Dialoghi, oggi nuovo appuntamento a Corno di Rosazzo con Angelo Floramo: una “lectio” sul tema della tenerezza

Dopo il grande successo del Festival della Città ideale a Palmanova, “Dialoghi” continua la sua itineranza con una nuova sessione autunnale che porterà altri sette incontri sul territorio del Friuli Venezia Giulia. Un programma che intreccia scuole e comunità locali, grazie alla collaborazione con il Polo Liceale di Gorizia: ogni autore incontrato nelle aule avrà infatti anche un momento di confronto pubblico, condotto dagli stessi studenti.
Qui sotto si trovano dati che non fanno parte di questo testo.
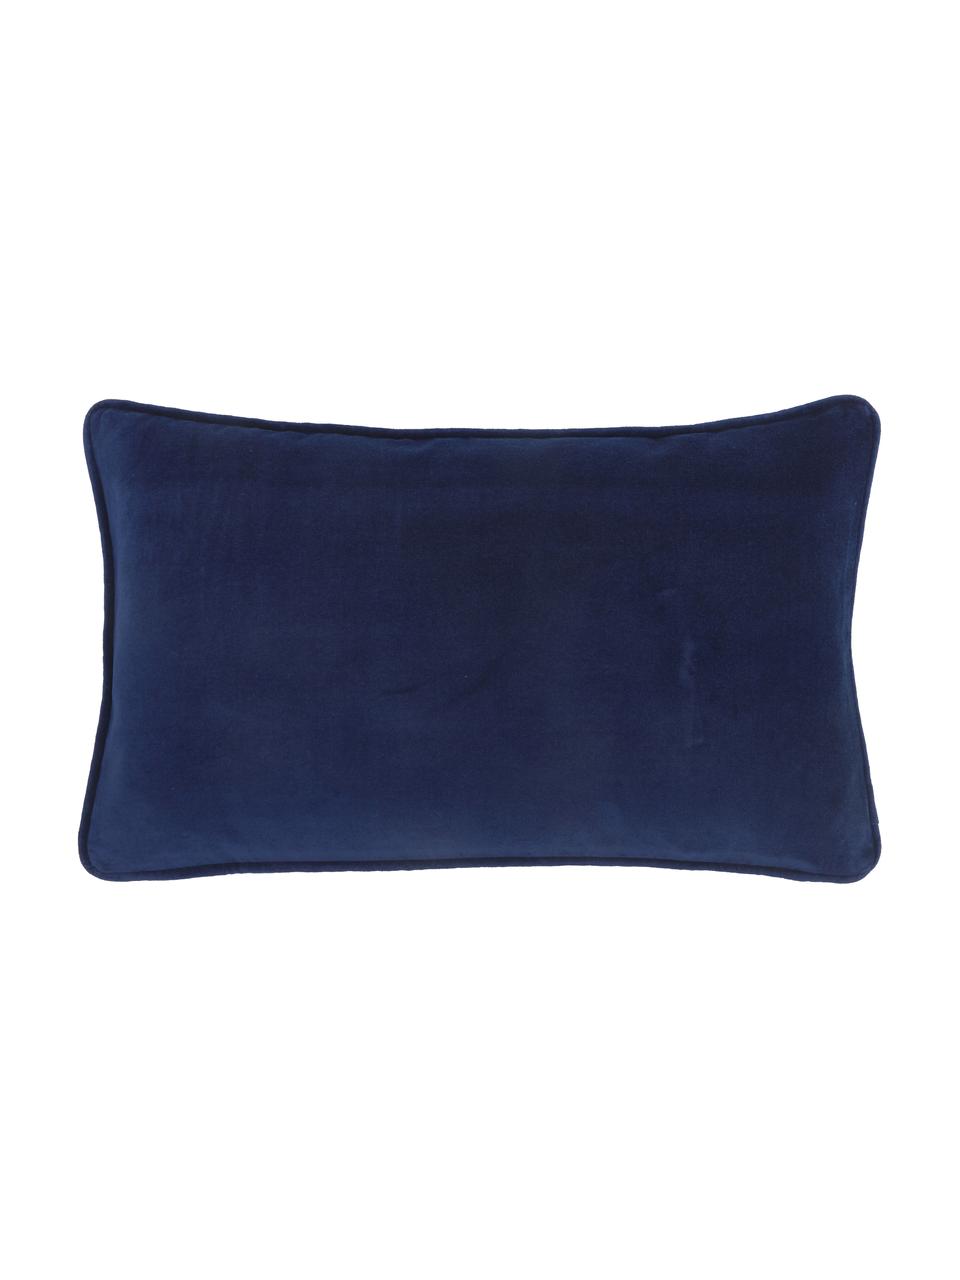 Einfarbige Samt-Kissenhülle Dana in Marineblau, 100% Baumwollsamt, Marineblau, 30 x 50 cm

Il primo appuntamento è in programma oggi, 2 ottobre, alle ore 18.30, nella Sala consiliare di Corno di Rosazzo, in via Divisione Julia, con la “lectio magistralis” di Angelo Floramo dedicata al tema della “tenerezza”. Saggista e voce molto amata del panorama culturale regionale, il professor Floramo porta in scena una nuova “lecti” che, come nelle sue precedenti e applaudite interpretazioni, si annuncia permeata da raffinatezza, attenzione e sensibilità. Ogni suo intervento è un viaggio narrativo che unisce rigore storico e profondità umana, capace di toccare corde intime e universali. Anche questa volta, la sua capacità di intrecciare parole e visioni promette di regalare al pubblico un’esperienza intensa e coinvolgente.
La conversazione dello storico e docente sandanielese verterà, appunto, sulla “tenerezza”, un atteggiamento che implica una valutazione empatica e affettuosa dell’altro. Floramo ormai è una presenza annuale fissa nella programmazione delle attività del Circolo culturale Corno che ospita l’evento. Il relatore sarà introdotto da Renzo Furlano, presidente dell’associazione “Cultura Globale” che promuove il festival Dialoghi, dall’assessore comunale all’istruzione Sonia Paolone e dal presidente del Circolo Sergio Paroni. L’incontro con Floramo segna pure la ripresa dell’attività del sodalizio culturale dopo la pausa estiva.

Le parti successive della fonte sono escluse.